For automated QA checks (tags, numbers, consistency), MQM provides the framework to classify automated findings on the same scale as manual ones.
FAQ¶
What Is MQM in Simple Terms?¶
MQM (Multidimensional Quality Metrics) is a standardized system for evaluating translation quality. A reviewer reads the translation, finds errors, classifies each by type (accuracy, terminology, style) and severity (minor, major, critical). Then a formula converts this into a numerical score from 0 to 100. Think of it as grading an exam - but with clear rules on what counts as an error and how many points to deduct.
Do Freelancers Need Quality Metrics, or Are They Just for Agencies?¶
Metrics are useful for freelancers too. First, major clients increasingly require MQM-based QA in contracts. Second, if you evaluate your own work against a formalized system, you spot your weaknesses and improve them deliberately. Third, “average MQM score of 97.8 across my last 50 projects” in a portfolio looks far more convincing than “I produce quality translations.”
What’s the Difference Between MQM and DQF?¶
Today - practically none. They started as separate frameworks: MQM from DFKI, DQF from TAUS. In 2014-2015 they were harmonized into a unified DQF-MQM typology. Since 2018, the DQF subset of MQM became MQM Core. If someone says “we use DQF,” they’re essentially using MQM Core with additional productivity tracking.

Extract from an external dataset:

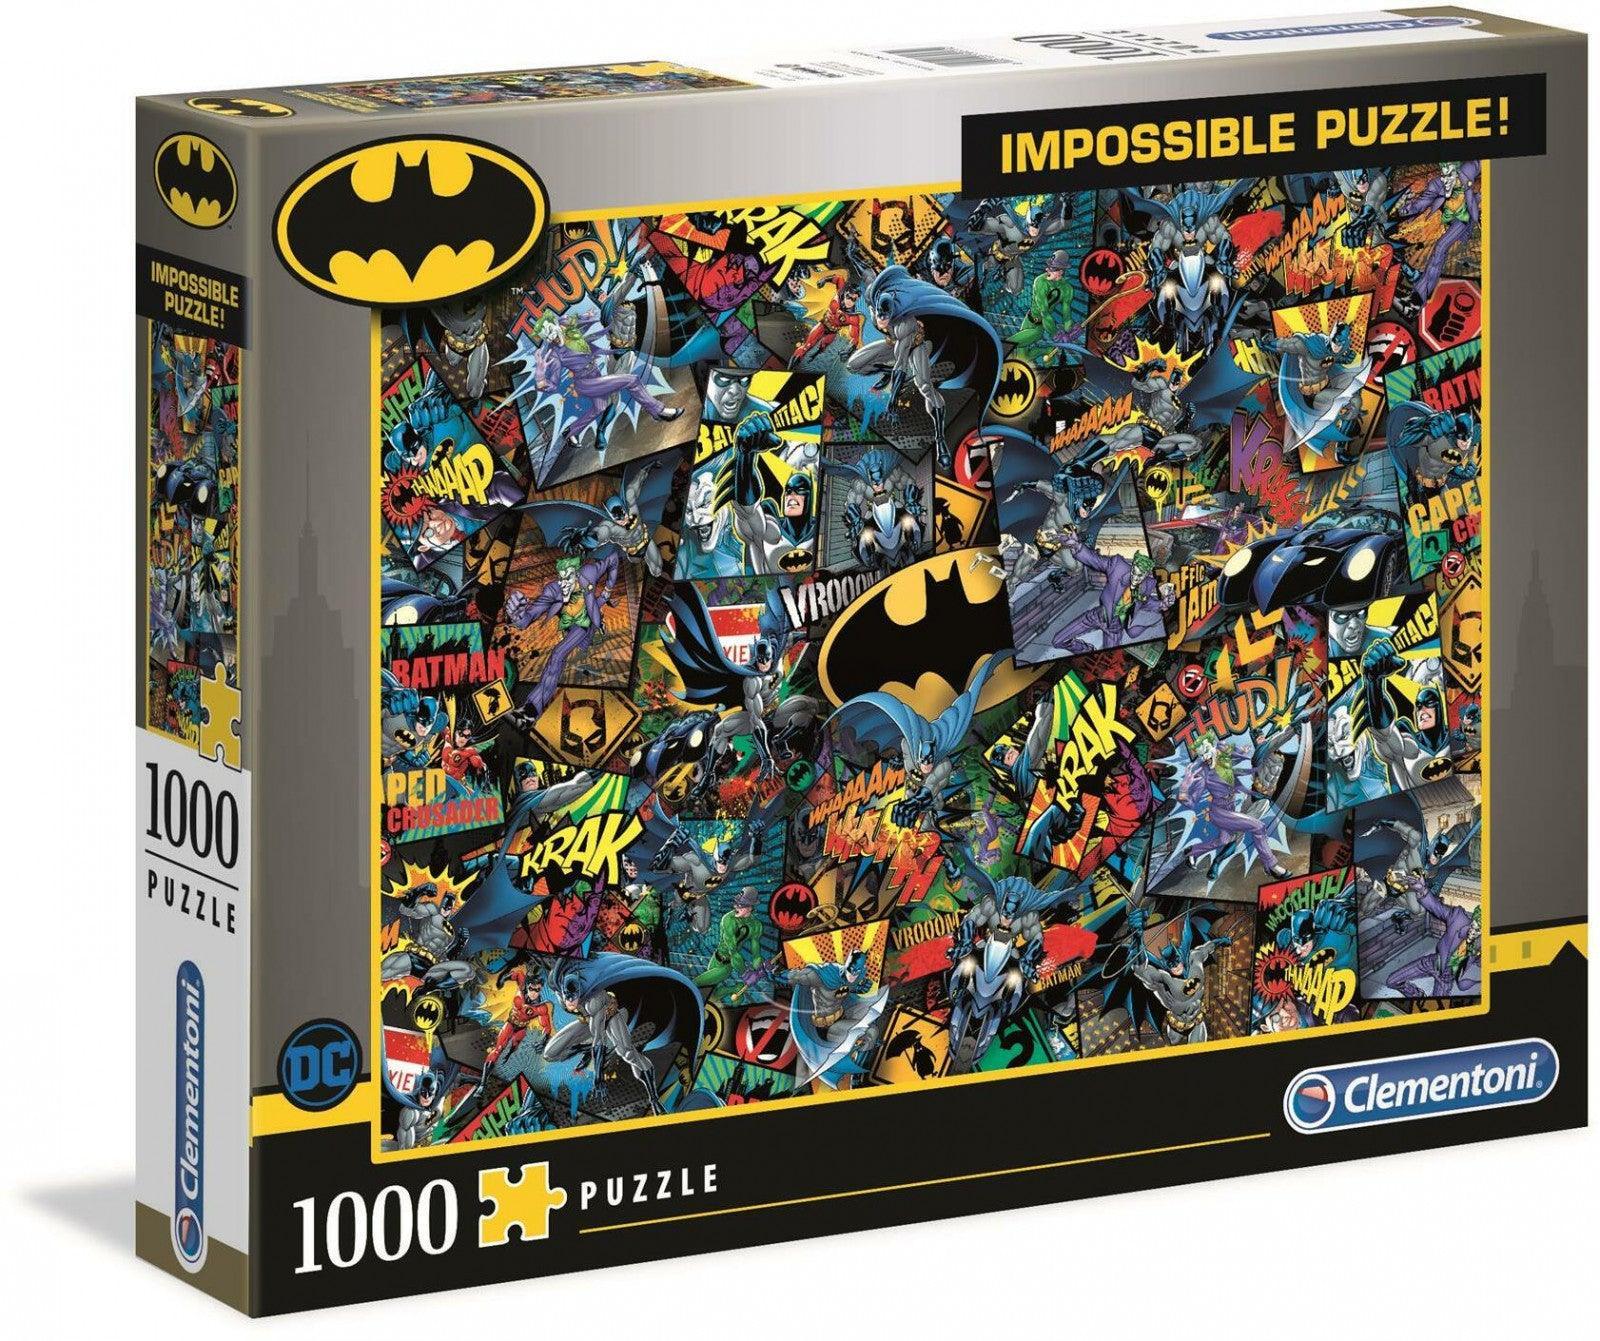 Clementoni Puzzle Batman Impossible Puzzle 1,000 pieces  Clementoni Titan Pop Culture

How Much Does It Cost to Implement MQM at an Agency?¶
The framework itself is free - the typology and documentation are open. Your costs will be: (1) training reviewers (1-2 days of calibration sessions), (2) possibly upgrading your TMS if it doesn’t support LQA (Phrase TMS, memoQ already have built-in support), (3) time to create severity guidelines for your content types. For a small agency, a realistic implementation budget is $0 and 2-3 days of setup work.
Will Automatic Metrics (BLEU, COMET) Replace Manual MQM Evaluation?¶
No. Automatic metrics are great for rapid screening of large MT volumes, but they can’t tell the difference between a critical medication dosage error and a minor stylistic inaccuracy - both are just “doesn’t match reference” to BLEU. MQM with manual annotation remains the gold standard for quality evaluation where errors carry different weights.
Which Tools Support MQM-Based Evaluation?¶
Phrase TMS, memoQ, Smartcat, and Lokalise all have built-in support. SDL Trados also supports LQA with custom profiles. For freelancers without a TMS, Google Sheets or Excel with a scoring formula works perfectly as a starting point.